The green, underwater meadows of Posidonia seagrass that surround the Balearic Islands are one of the world’s most powerful, natural defences against climate change.
A hectare of this ancient, delicate plant can soak up 15 times more carbon dioxide every year than a similar sized piece of the Amazon rainforest.
But this global treasure is now under extreme pressure from tourists, from development and ironically from climate change.
Posidonia oceanica is found all over the Mediterranean but the area between Mallorca and Formentera is of special interest, having been designated a world heritage site by Unesco over 20 years ago.
Here you’ll find around 55,000 hectares of the plant, which helps prevent coastal erosion, acts as a nursery for fish, but also plays a globally significant role in soaking up CO2.
“These seagrass meadows are the champion of carbon sequestration for the biosphere,” said Prof Carlos Duarte, of the King Abdullah University of Science and Technology in Saudi Arabia.
“Posidonia acts as a very intensive sediment trap and captures carbon into these sediments. It is also very resistant to microbial degradation, so the carbon is not degraded when it’s deposited on the sea floor. And much of that stays unaltered during decades to millennia.”
Depending on the water temperature, the species reproduces either sexually through flowering or asexually by cloning itself.

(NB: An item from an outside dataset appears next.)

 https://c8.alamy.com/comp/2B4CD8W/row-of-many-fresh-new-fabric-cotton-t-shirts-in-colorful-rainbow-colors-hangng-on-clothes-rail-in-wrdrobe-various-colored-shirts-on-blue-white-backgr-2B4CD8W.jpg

This ability to clone itself means it can live an extremely long time.
“It’s a remarkable plant not only in the capacity to sequester carbon, but also because it’s one of the longest-lived organisms on the planet,” said Prof Duarte.
“In the marine protected areas of Ibiza we documented one clone where we estimated that the seed that produced that clone was released into the seafloor and sprouted 200,000 years ago.”

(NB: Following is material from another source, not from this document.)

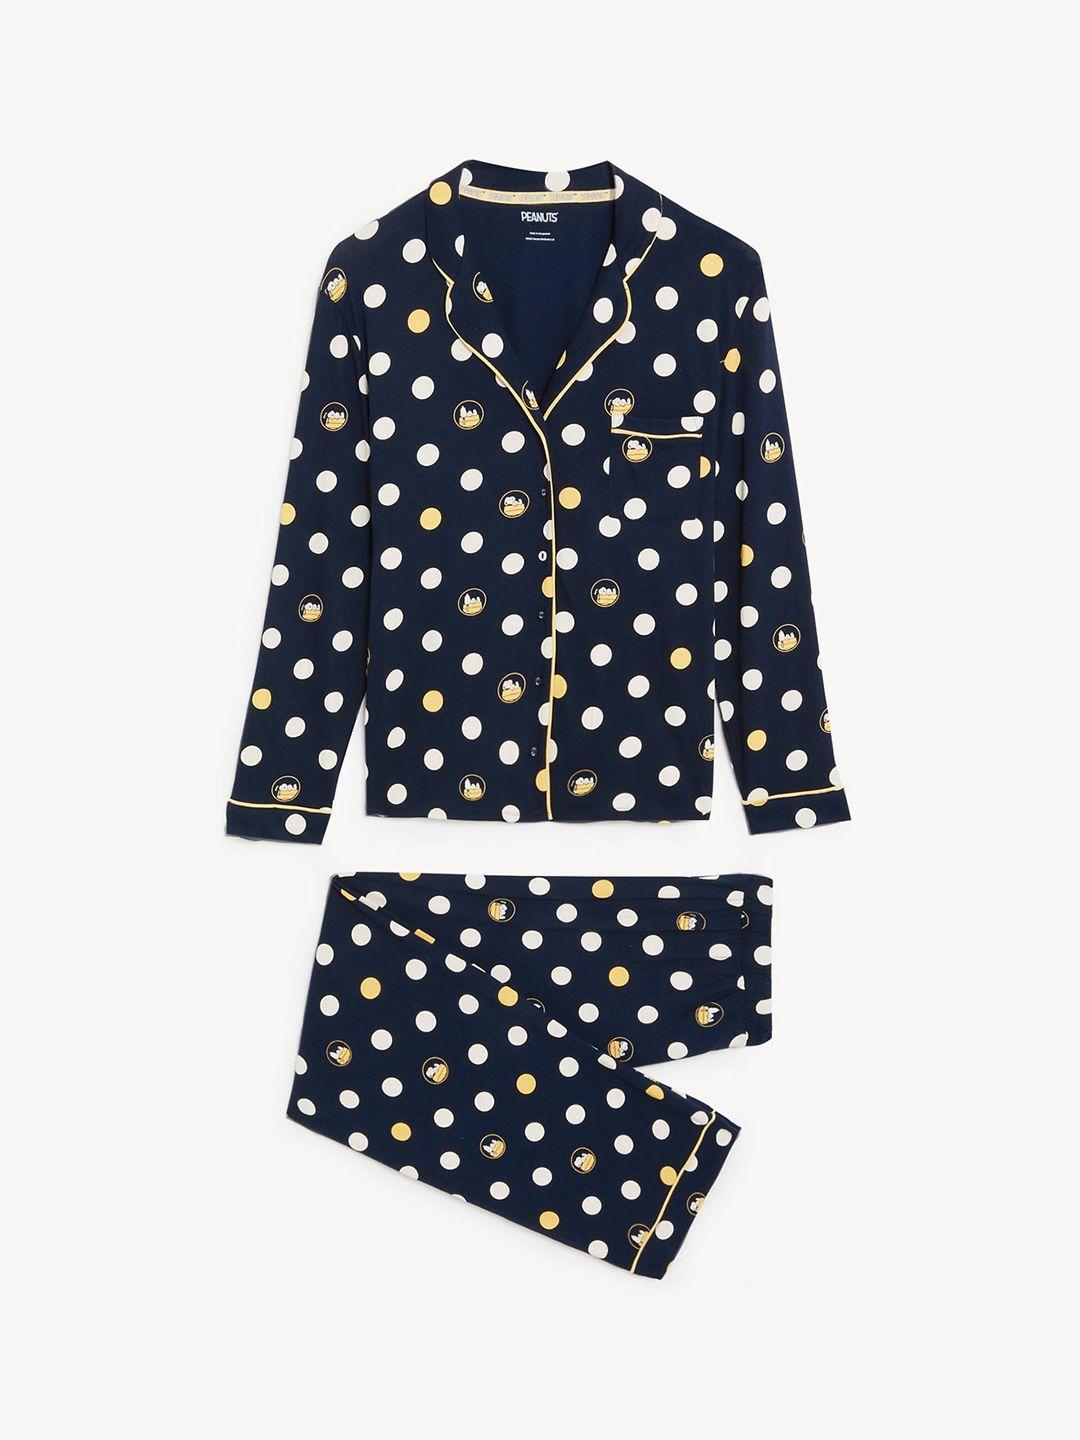 marks-&-spencer-women-2-pieces-polka-dots-printed-night-suit

“A clone could be eternal, kind of,” says Dr Núria Marbà, from the Mediterranean Institute for Advanced Studies in Mallorca.
“If there are no damages that disturb it, it could last for forever – well maybe not forever but for an incredibly long time.”

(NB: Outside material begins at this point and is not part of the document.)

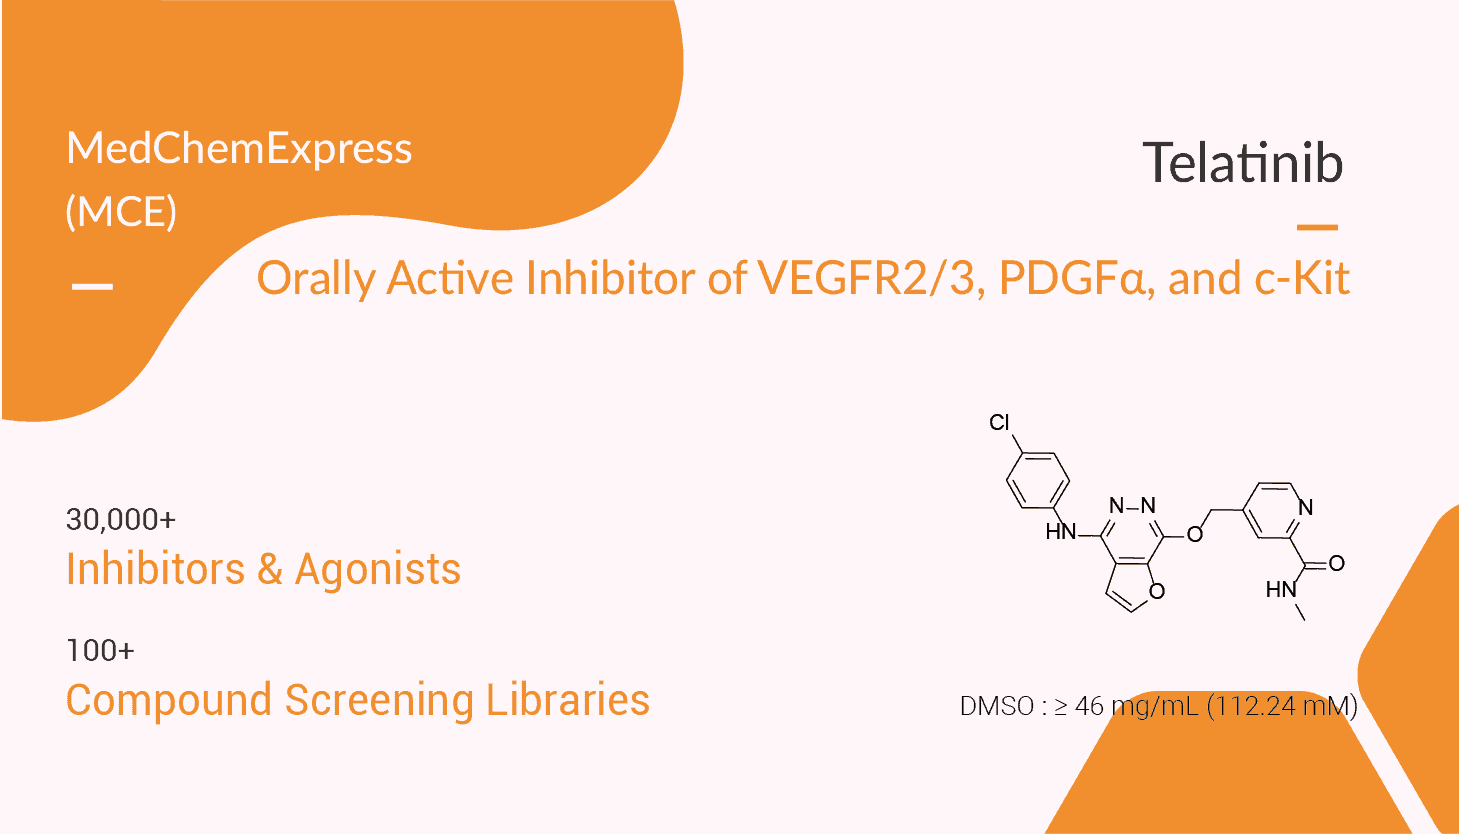 Telatinib is an Orally Active Inhibitor of VEGFR2, VEGFR3, PDGFα, and c-Kit

But despite its ability to live almost infinitely, Posidonia is finding the modern world increasingly treacherous.
This vivid green carpet that extends under the seas in the Balearics faces an ongoing threat from boats dropping their anchors which crush, tear and destroy the meadows.
One study showed that between 2008 and 2012, Posidonia meadows in Formentera were reduced by 44% because of the impact of anchoring.
The plant also grows extremely slowly.
The damage caused by one yacht’s anchor in a single day several years ago would take almost 1,000 years to restore.
Another threat comes from too many nutrients in the waters, caused by effluent released from water treatment sites across the islands.
But perhaps the biggest and most difficult challenge for Posidonia is climate change.
“Posidonia has an upper thermal limit of about 28C,” says Dr Marbà.
“I think it’s about half of the summers since 2000 that we have exceeded this temperature in the water in the Balearic Islands.
“It doesn’t cause massive mortality. But it’s excessive for the slow growth of the plant.”
So what can be done to help protect this amazingly powerful seagrass?
Government action to protect Posidonia in the Balearics has been ramped up in recent years and public awareness of the importance of the species is rising.
But some researchers believe that putting a financial value on the carbon that’s locked up by Posidonia could release the funds to save it.
“As countries try and reach the goals of the Paris agreement, the forecast is that carbon credits are going to see a tenfold increase in value,” said Prof Carlos Duarte.
“Therefore, there’s likely to be an increase in investment in habitats like Posidonia that can lock up carbon and generate these credits.”
This would be welcome news in Ibiza and Formentera. If the carbon that’s already been sequestered by the seagrass increases in value, then it will pay to protect and even attempt to restore the Posidonia meadows.
But time and rising temperatures are the key challenge, as Dr Núria Marbà explains.
“The whole thing of planting seagrasses is that you have to do a massive effort at the beginning to start the process. And then you just wait for the plant itself to grow.
“If we are in a hurry, at human timescales, it’s impossible.
“But if we don’t mind, and we can wait for a few centuries, it will be okay.”